Run this monitoring utility weekly or monthly to detect load factor creep before it degrades performance.
13.17 Practical Walkthrough: Building a Hash Table from Scratch
Let us walk through the complete process of building and using a hash-based relative file, step by step.
Step 1: Analyze the Data
Before choosing a hash function, analyze your keys:
Sample keys from GlobalBank:
ACC0001234 ACC0005678 ACC0009012
ACC0003456 ACC0007890 ACC0002345
ACC0006789 ACC0000123 ACC0004567
Observations:
- All start with "ACC" (constant prefix — ignore for hashing)
- Numeric portion: 7 digits, ranging from 0000123 to 0009012
- No obvious clustering pattern
- Expected record count: 50,000
Step 2: Choose File Size and Hash Function
Target load factor: 77%. File size: 50,000 / 0.77 = 64,935. Nearest prime: 64,997.
Hash function: Division/remainder by 64,997.
Step 3: Estimate Collision Rate
With 50,000 records in 64,997 slots (77% load factor) and linear probing, the expected average probe count is approximately 2.2. This means about 55% of records will hash directly to an empty slot, and the rest will need 1-5 additional probes.
Step 4: Write the Loader
The loader program reads input records, computes the hash for each key, probes for an empty slot, and writes the record. It tracks collision statistics to verify that the hash function performs as expected.

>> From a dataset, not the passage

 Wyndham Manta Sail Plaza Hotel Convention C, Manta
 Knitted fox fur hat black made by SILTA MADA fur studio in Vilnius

Key design decisions: - Maximum probe count: 50 (safety limit to prevent infinite loops) - Overflow handling: Write overflows to a separate sequential file for investigation - Statistics: Track total collisions, maximum chain length, and distribution
Step 5: Write the Lookup Module
The lookup module computes the same hash, reads the slot, and either finds the matching record or probes forward until it finds the record, hits an empty slot (record not in table), or exceeds the probe limit.
Step 6: Test with Production-Volume Data
Testing with 10 records will not reveal collision patterns. Test with full production volume — or at least 70% of it — to verify: - Collision rate matches predictions - Maximum chain length is acceptable (< 20) - No overflows occurred - Lookup performance meets requirements
Step 7: Monitor and Maintain
After deployment, monitor collision statistics over time. If new key patterns emerge (e.g., a new branch assigns account numbers in a different range), the hash function's distribution may degrade. Periodic review of collision statistics catches this before performance degrades noticeably.
💡 Design Principle: The hash function and the data are co-dependent. A hash function that works perfectly for one set of keys may perform poorly for a different set. Always test with representative data, and monitor after deployment.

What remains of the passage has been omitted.